Henri de Guise: Уверенным жестом и твердой рукой Анри де Лоррейн забрал свечу из рук Маргариты Валуа. Генрих достаточно хорошо знал эту женщину для того, чтобы увидеть и смятенье чувств в ее глазах, и растерянность на лице. Но не верил в то, что все это вызвано его появлением. Он вообще не хотел ей верить. Но что-то действительно произошло, если сестра короля просила о встрече своего бывшего любовника. Или любимого? Он до сих пор не мог ответить на этот вопрос – кем же он был когда-то для дочери Генриха II. Он пошел на ее зов, потому что не мог поступить иначе. Его неумолимо влекло к Маргарите. Генрих потратил почти полтора года на то, чтобы без дрожи на губах произносить имя Жемчужины Франции. Он почти выжег каленым железом равнодушия все то, что раньше испытывал к ней. Но стоило коснуться бумаги, которой касались ее пальцы, как в груди вновь противно и тоскливо заныло. Он пришел сюда, потому что должен был убедиться – ничего не осталось. Все уничтожено. - Что ж, Ваше Величество, мой разум в вашем распоряжении. Хотя вам известно, как я не люблю давать советы. Но для вас я готов поступиться с этим принципом, - отставив свечу на камин, Гиз сам поправил темный локон, которого только что касалась женская рука, бережно уложив его на груди королевы Наваррской. Он дотронулся только волос, не задев даже одеяния. - Вы, как и прежде, бесподобны, Марго, - простой комплимент. Ни к чему не обязывающий.

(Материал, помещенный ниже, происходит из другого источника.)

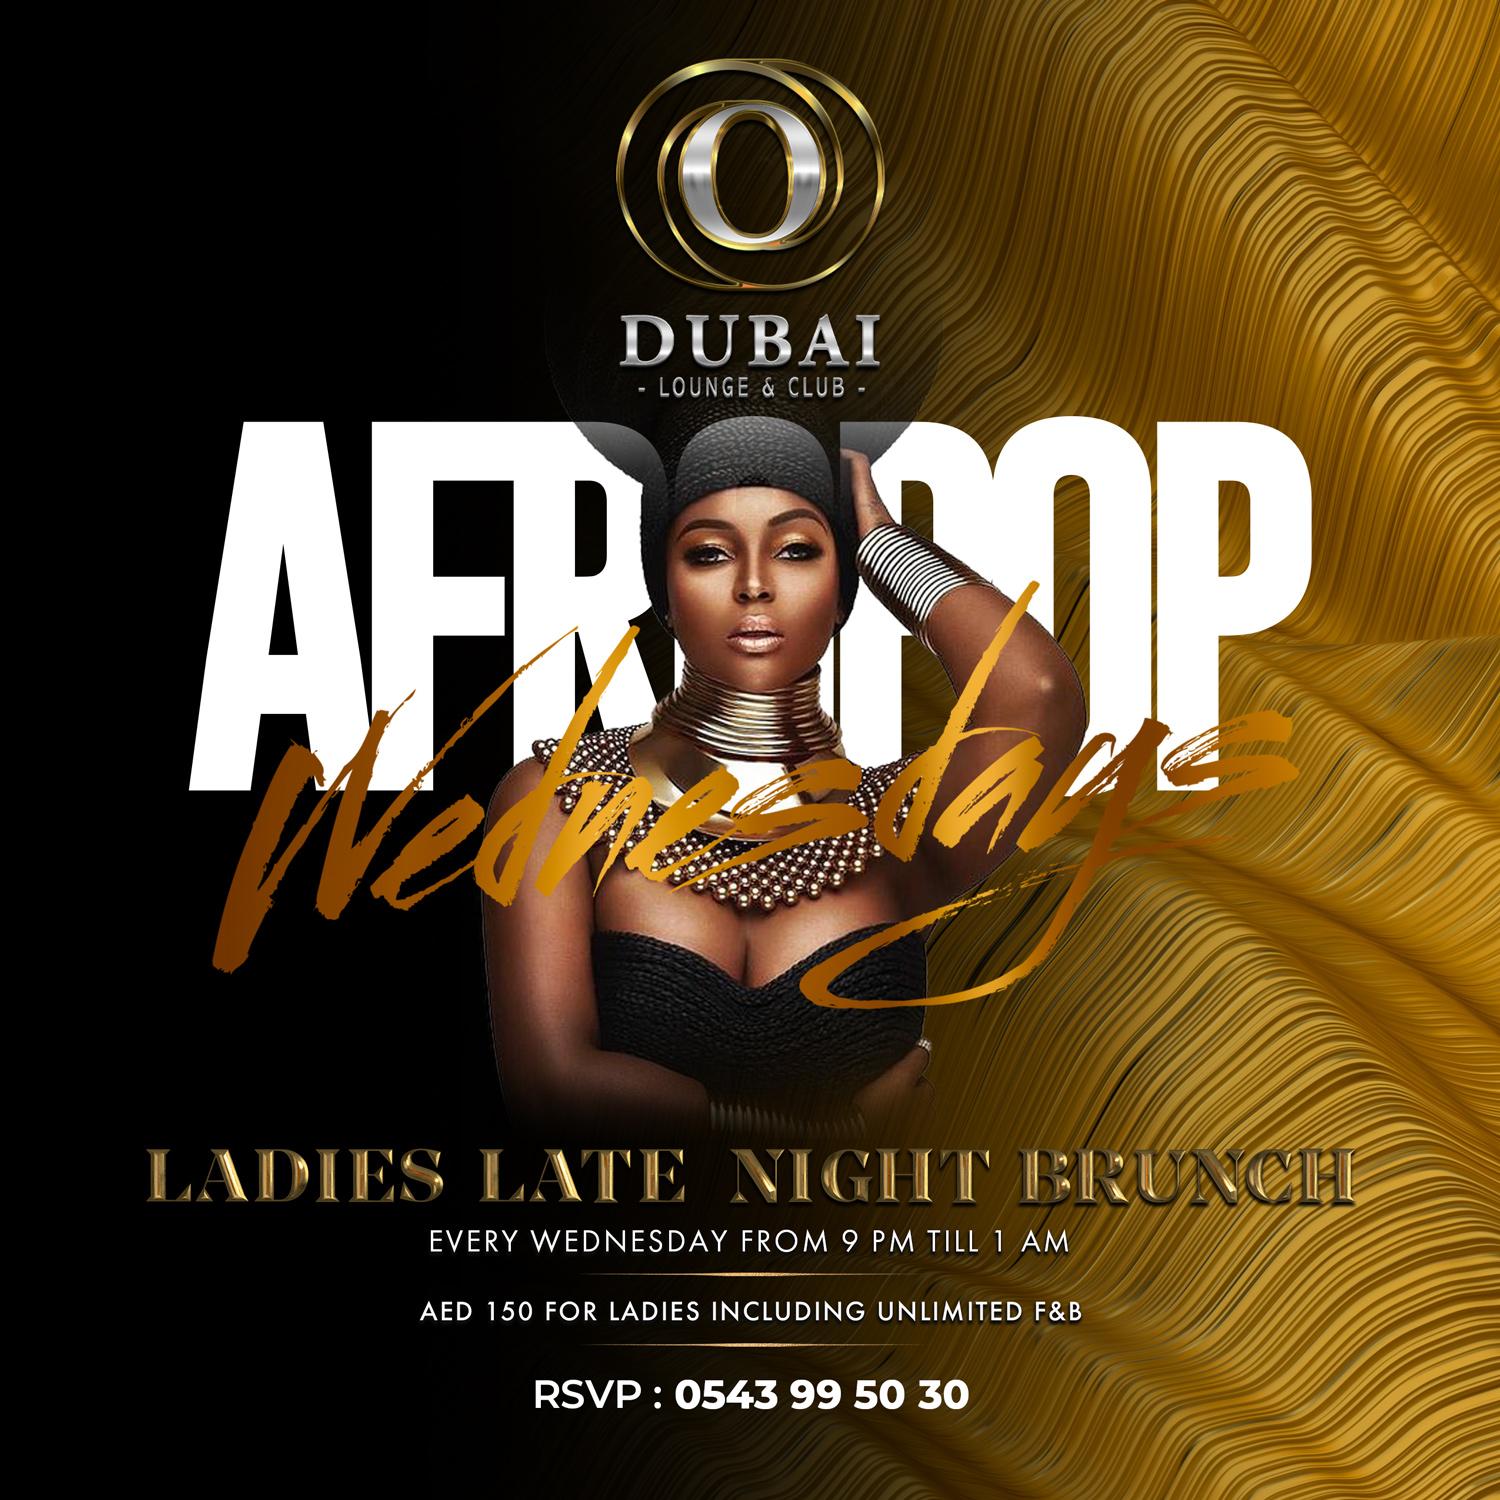 Afropop Wednesdays - Ladies Late Night Brunch

Тем более, что он действительно находил ее восхитительной. – Зачем я вам понадобился, сударыня? – не смотря на заготовленную холодность, россыпи льда, которыми он думал окатить супругу Бурбона, его взгляд был мягок. Генрих Гиз, наконец, посмотрел своей бывшей возлюбленной в глаза и горько усмехнулся сам себе в душе. Полтора года прошли бесполезно.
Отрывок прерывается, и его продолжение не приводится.